▸ **Data segment**
== Segment start ==

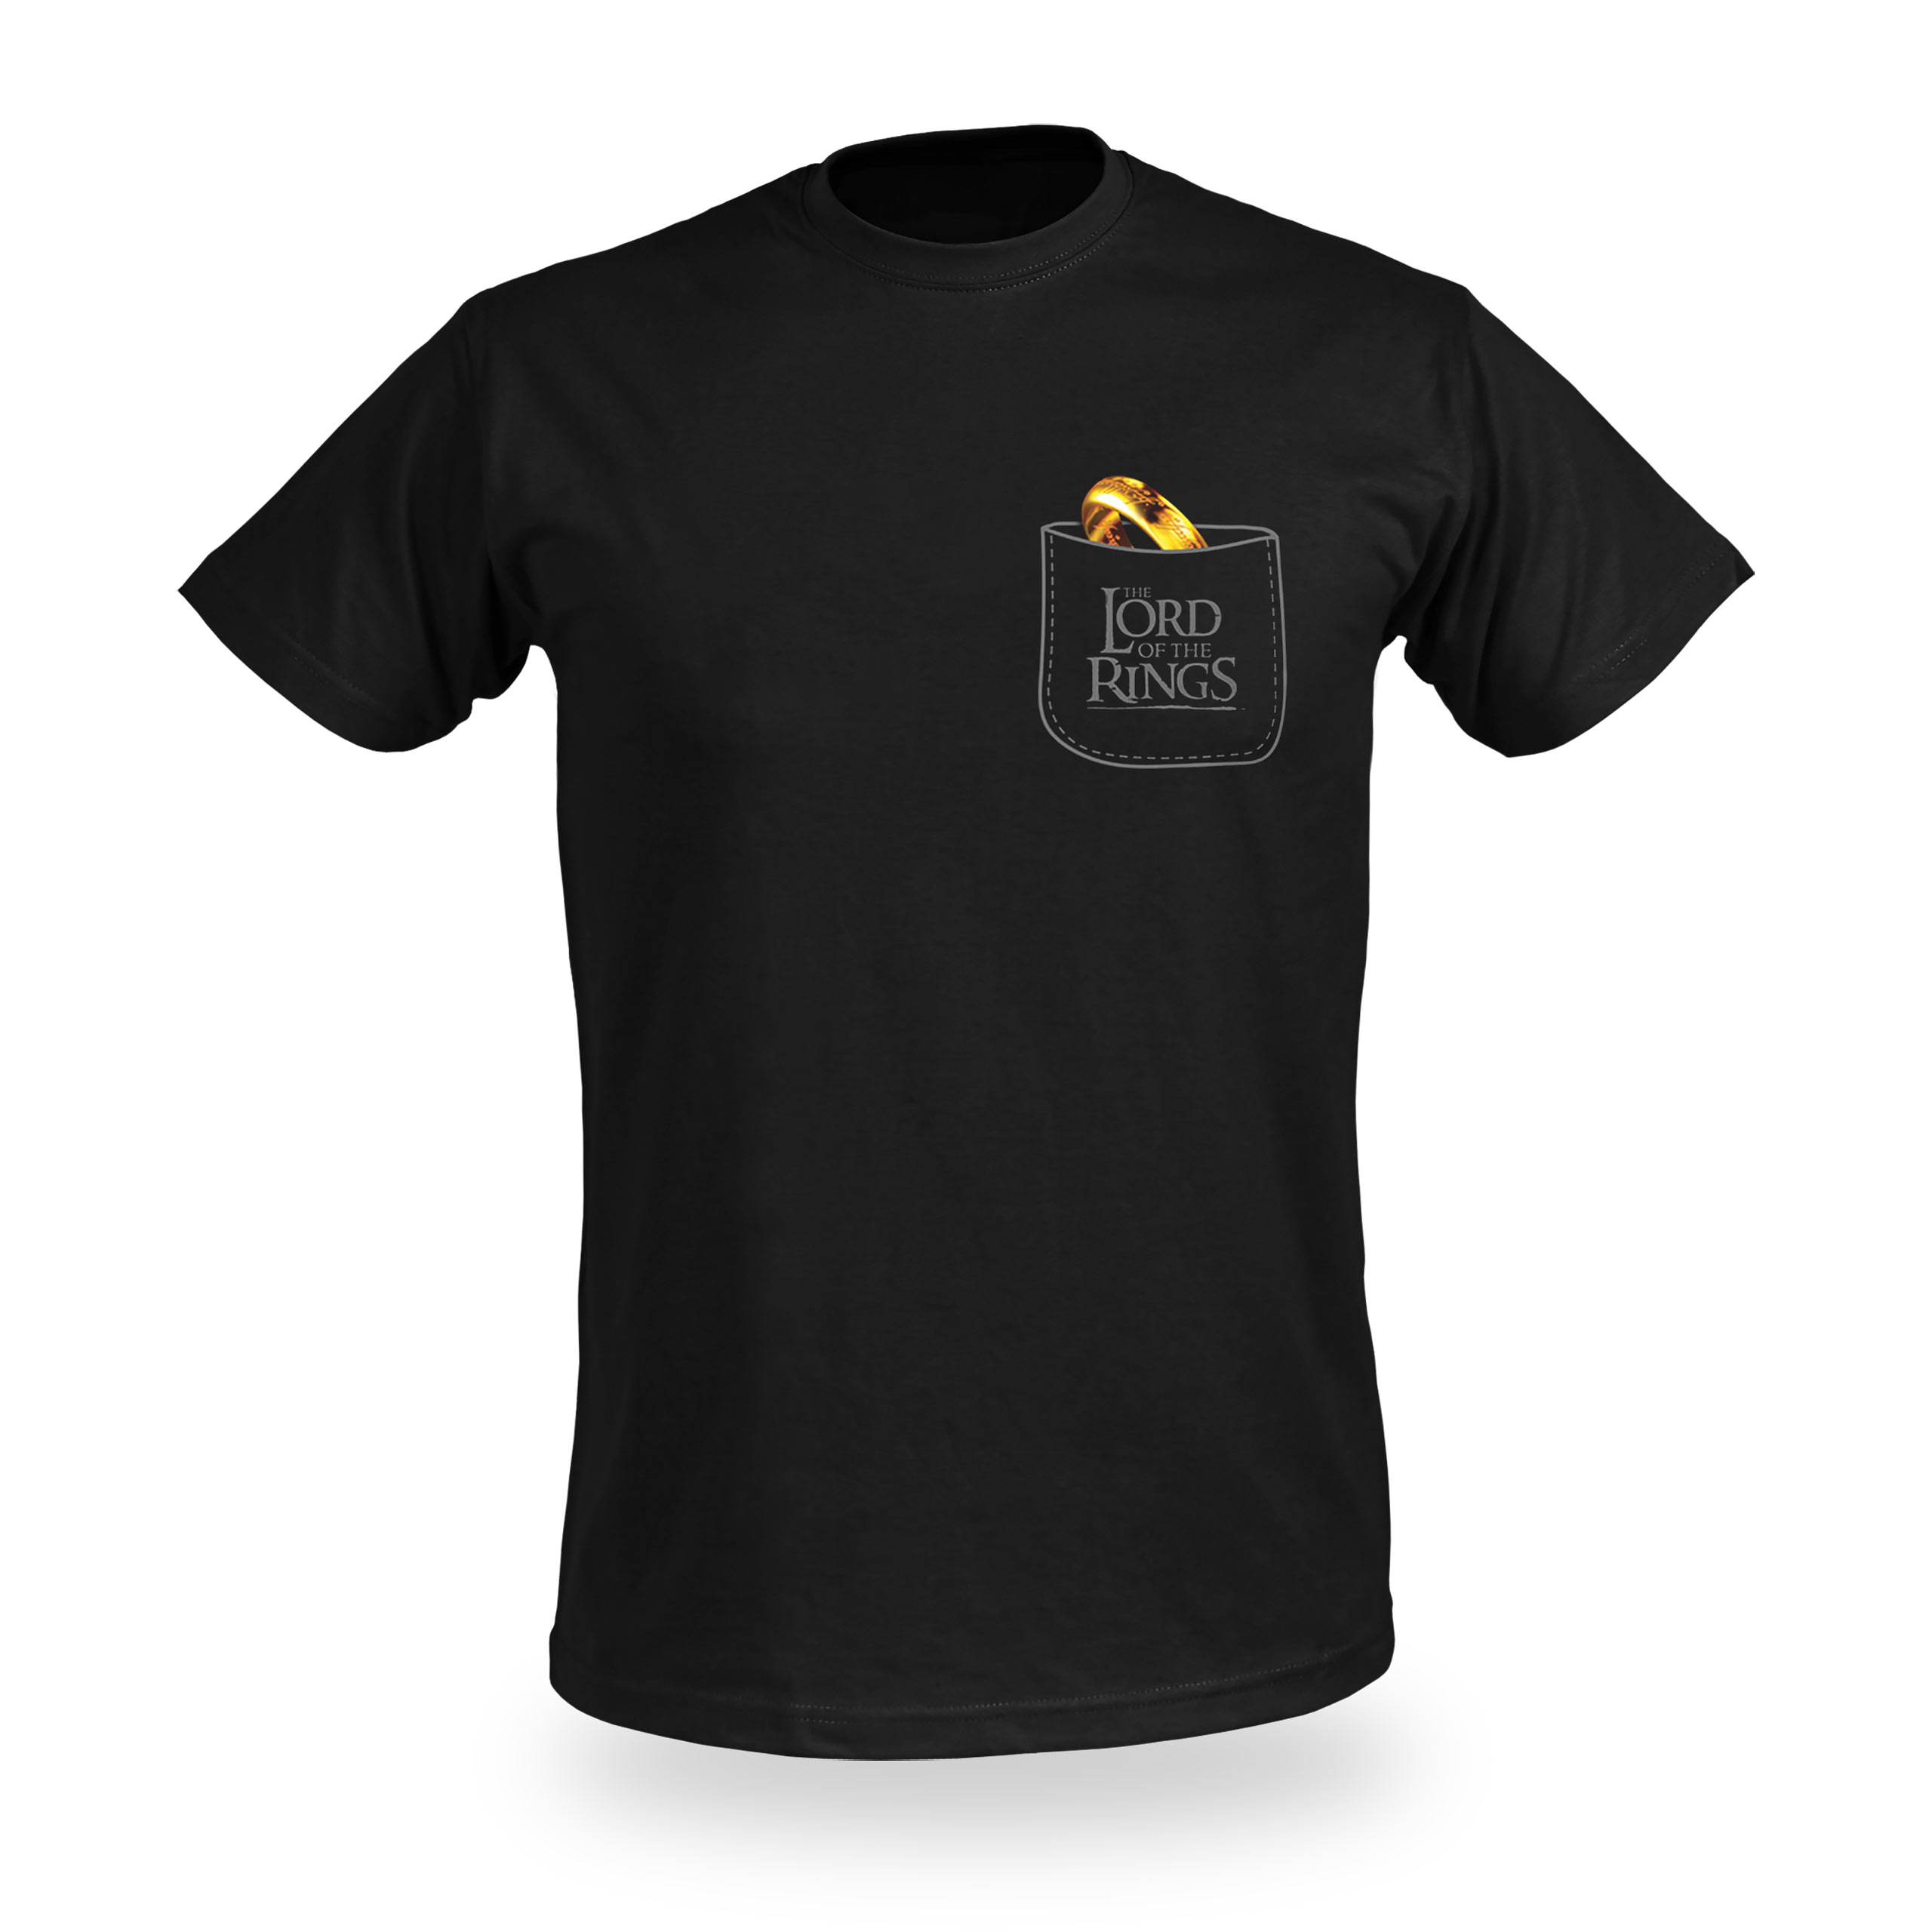 Herr der Ringe - Der Eine Ring Pocket T-Shirt schwarz
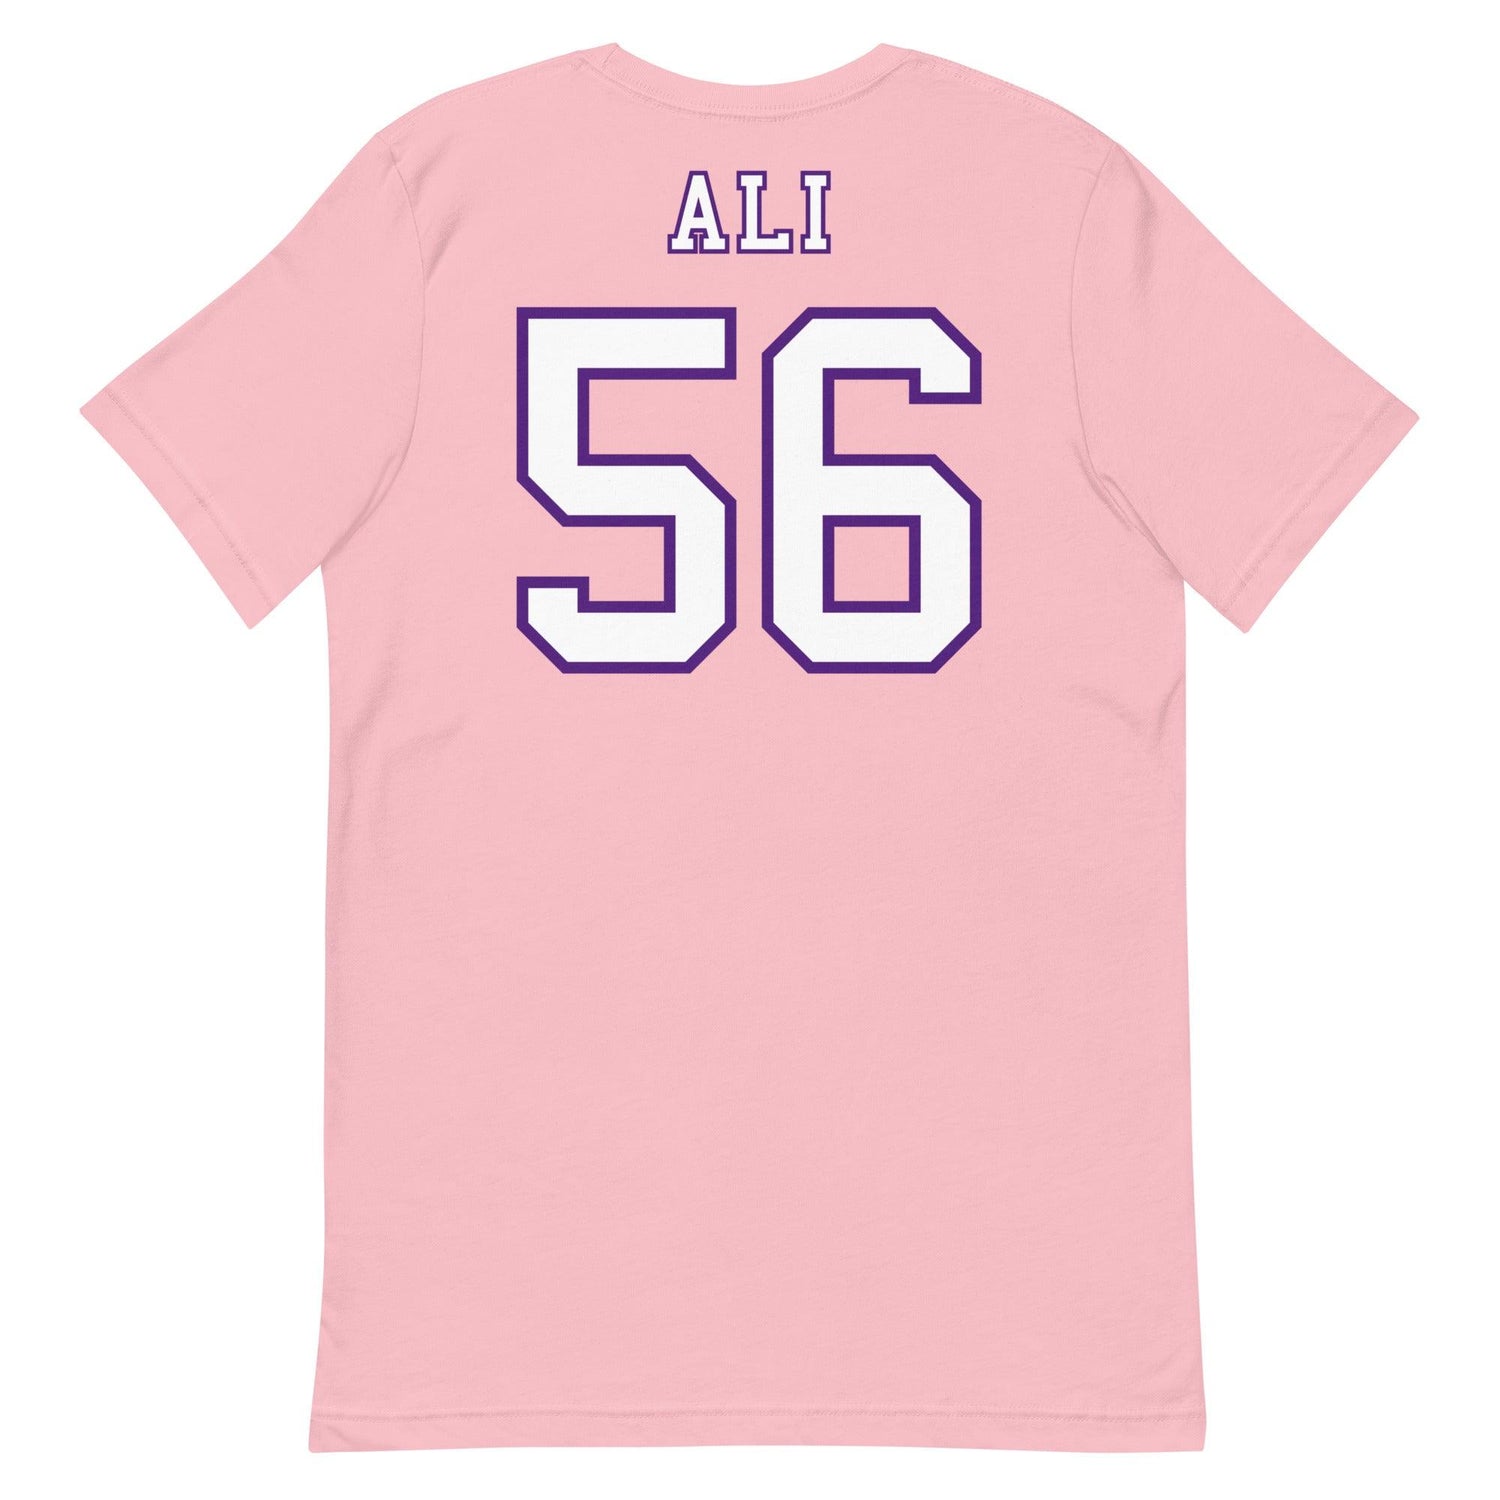 Alan Ali "Jersey" t-shirt - Fan Arch
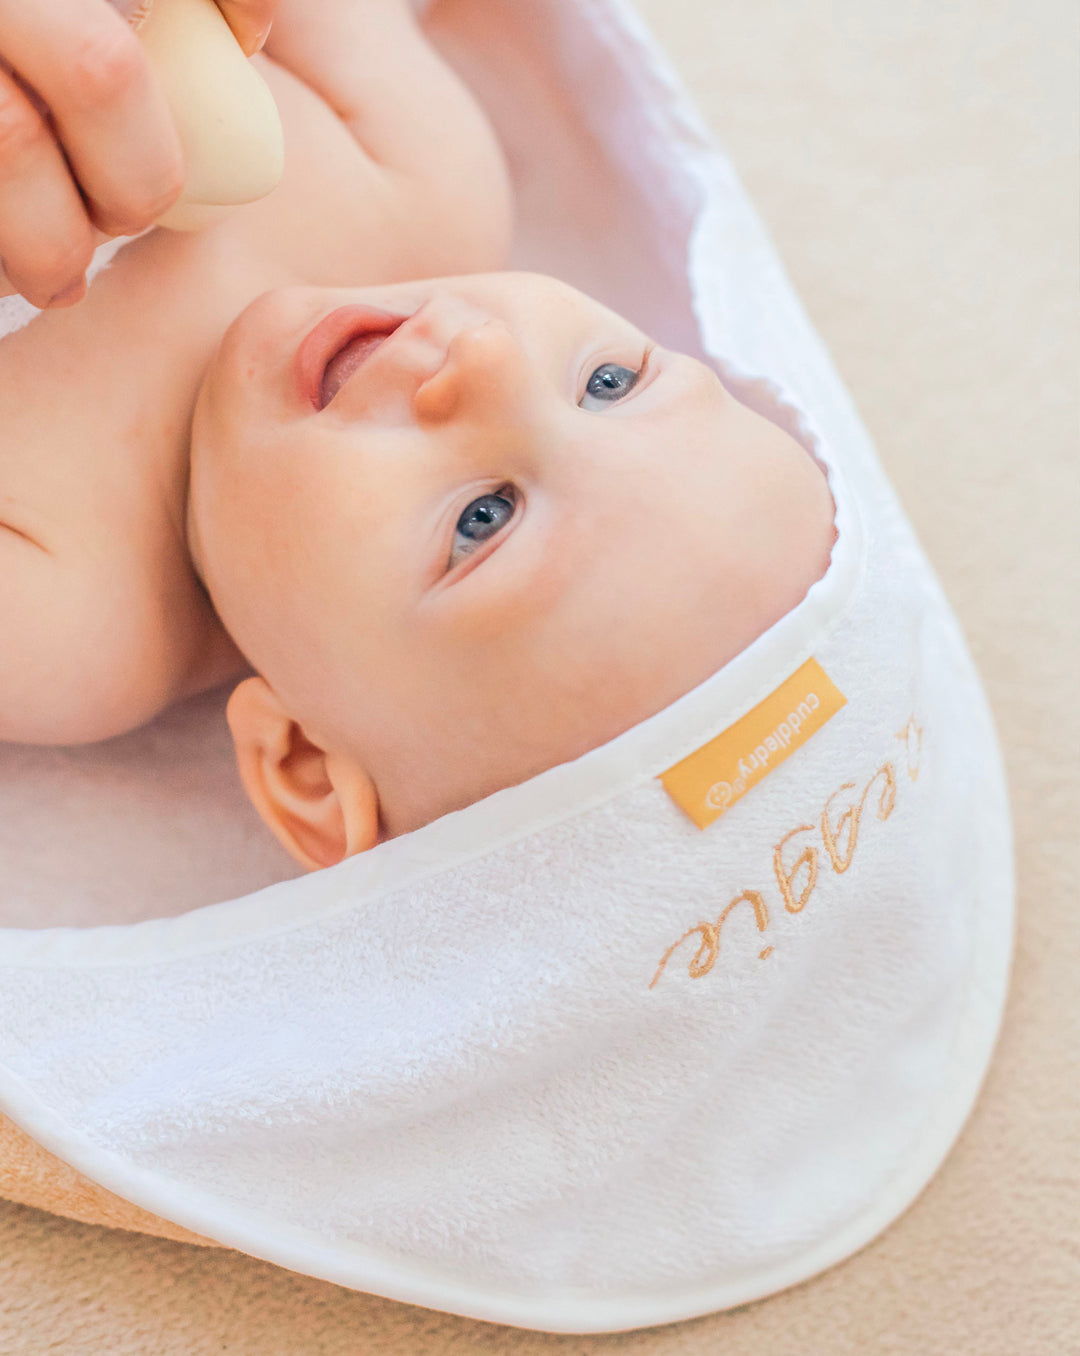 Cuddledry | hands free baby towel | beige | personalised

== Segment end ==

▸ **Assignment**
Everything above except the pictures needs to be reproduced exactly.

▸ **Answer box**
 Herr der Ringe - Der Eine Ring Pocket T-Shirt schwarz
 Alan Ali "Jersey" t-shirt - Fan Arch
 Cuddledry | hands free baby towel | beige | personalised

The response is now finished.